Exercise requirements: Within the records that follow, restate exactly the lines from the line with "Lungenflechten, Lobaria pulmonaria, die" down to the line with "Cluster Teardrop Rhinestone", including both. Omit the pictures.

Available records:
------------------------------------------------

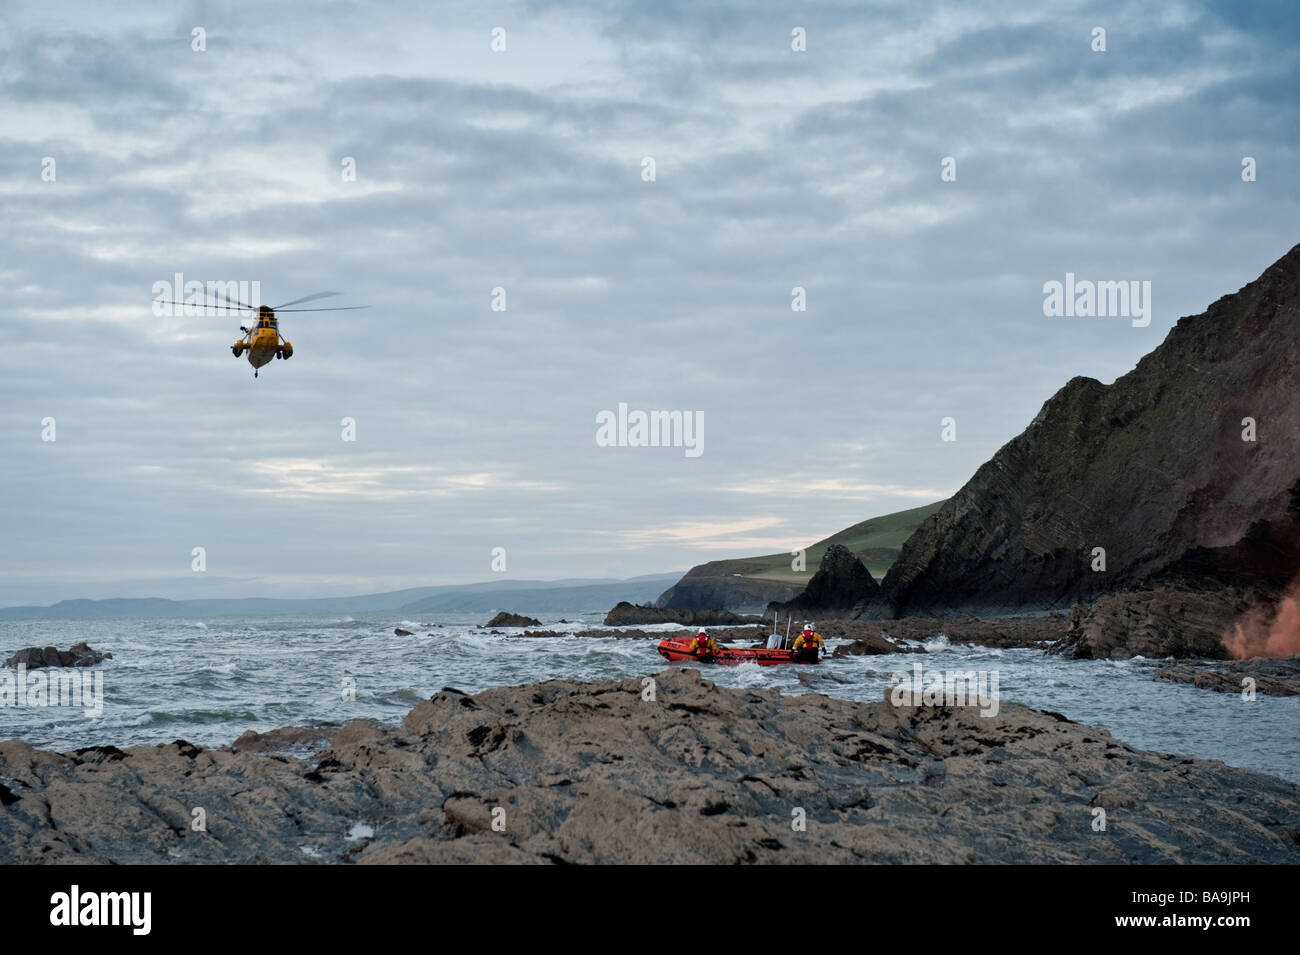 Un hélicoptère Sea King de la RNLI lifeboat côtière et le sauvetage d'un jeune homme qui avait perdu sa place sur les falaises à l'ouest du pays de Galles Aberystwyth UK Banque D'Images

------------------------------------------------

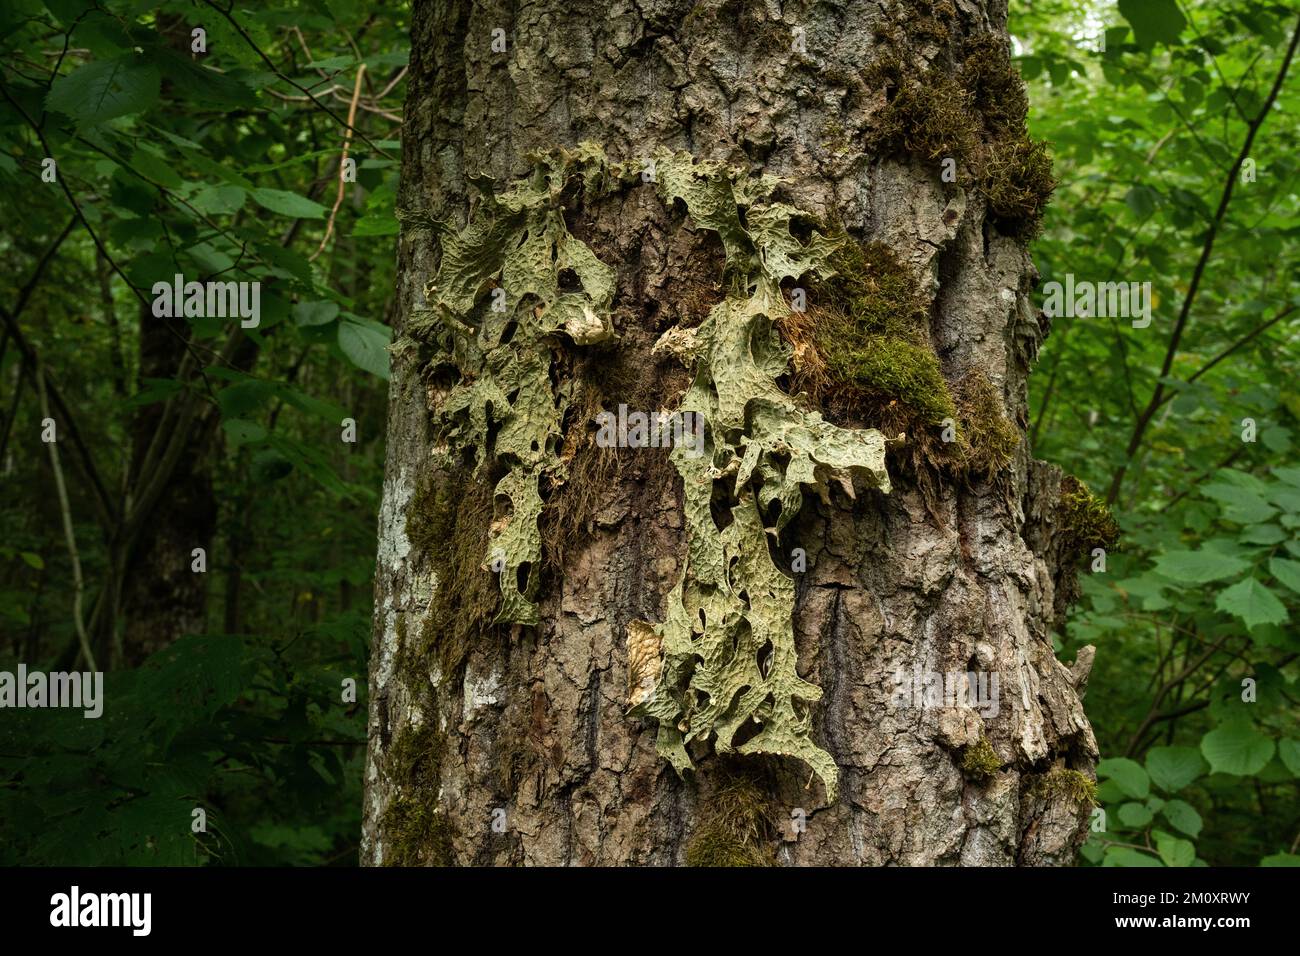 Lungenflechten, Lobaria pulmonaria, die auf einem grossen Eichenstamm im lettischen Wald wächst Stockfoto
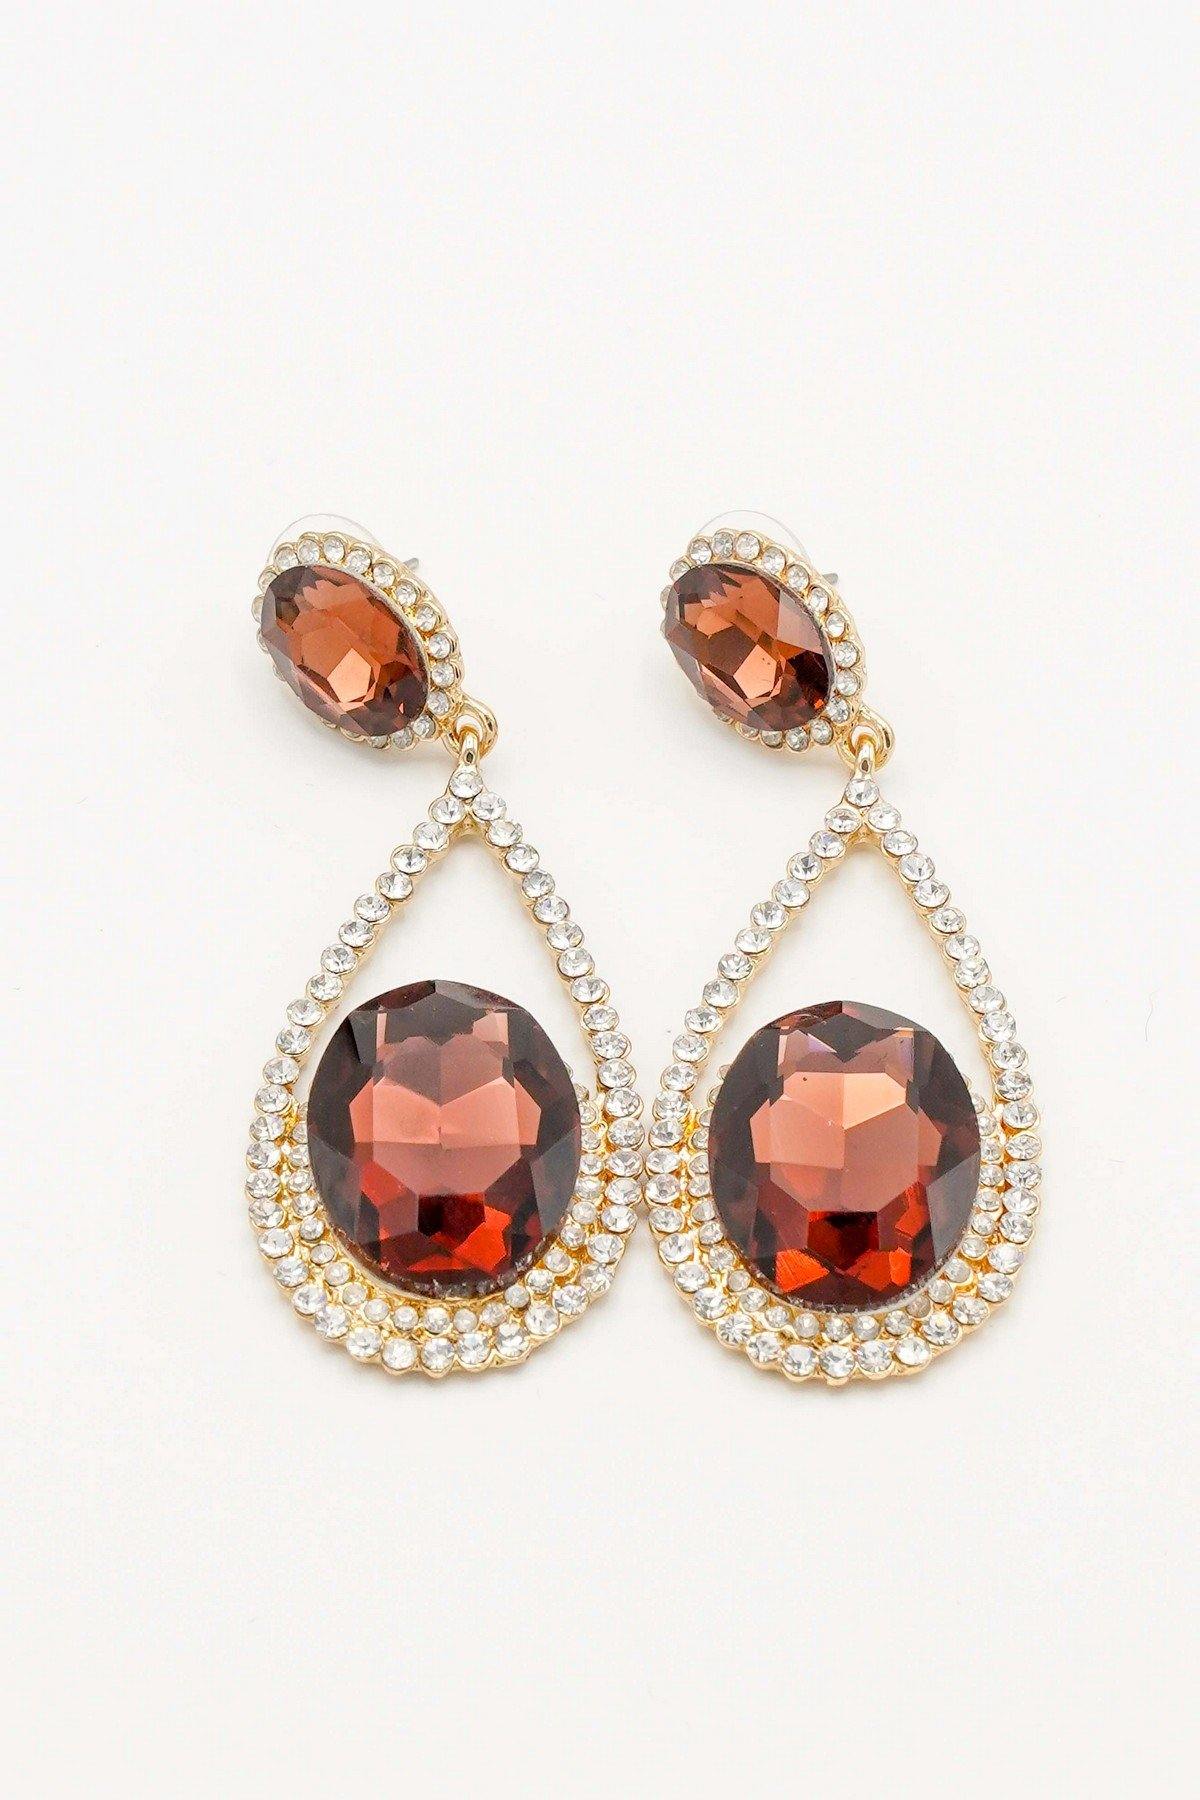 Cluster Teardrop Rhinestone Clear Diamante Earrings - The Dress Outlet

------------------------------------------------

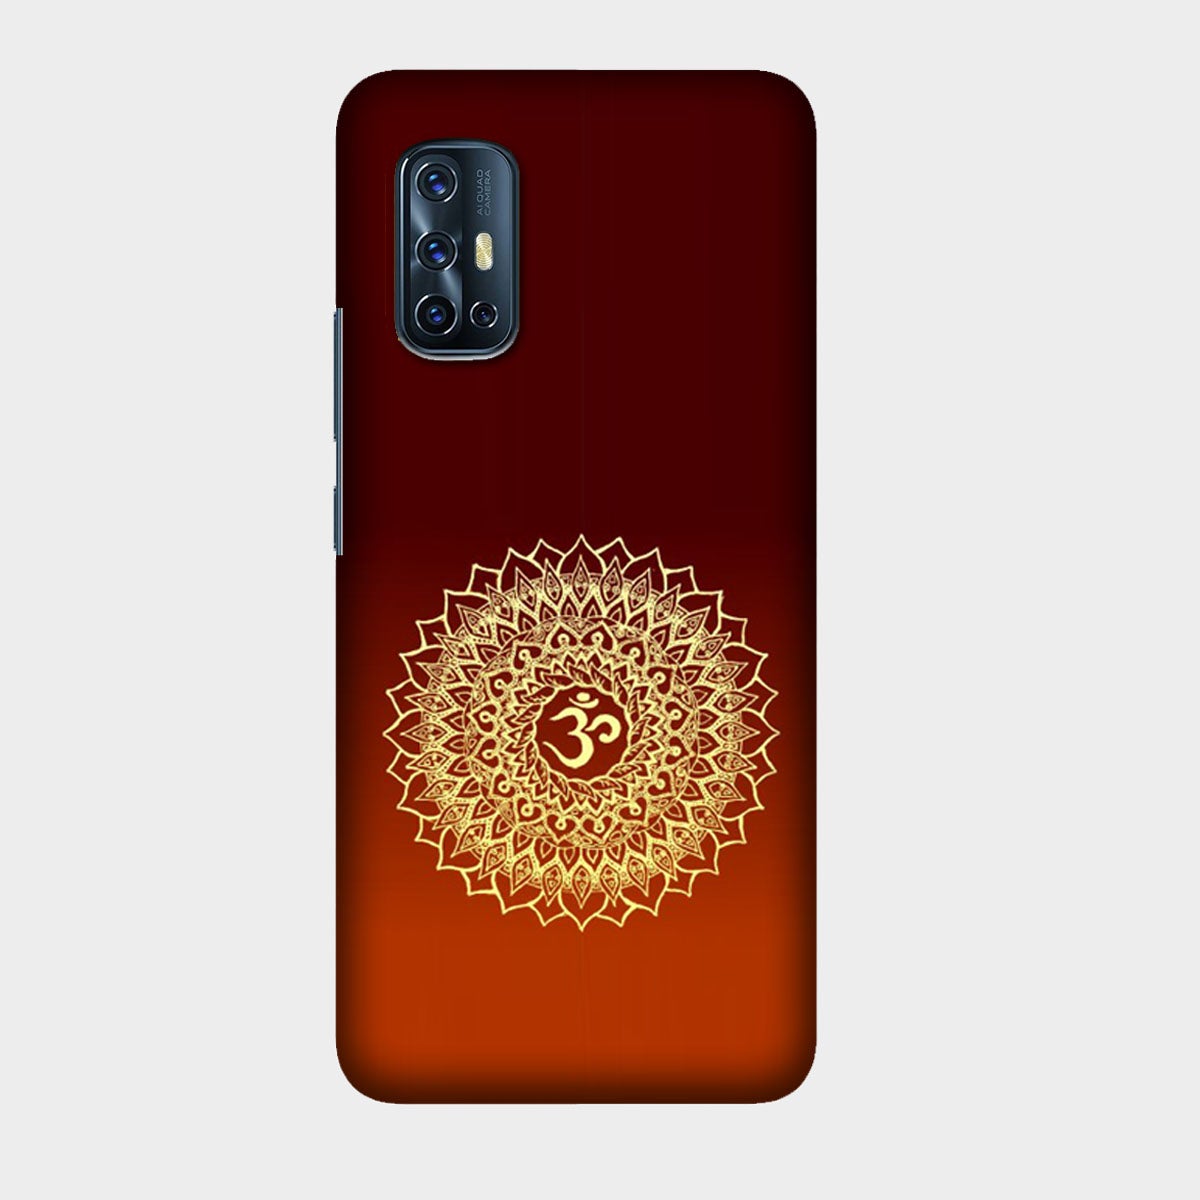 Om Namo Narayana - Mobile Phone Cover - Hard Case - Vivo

------------------------------------------------

Solution to this exercise:
 Lungenflechten, Lobaria pulmonaria, die auf einem grossen Eichenstamm im lettischen Wald wächst Stockfoto
 Cluster Teardrop Rhinestone Clear Diamante Earrings - The Dress Outlet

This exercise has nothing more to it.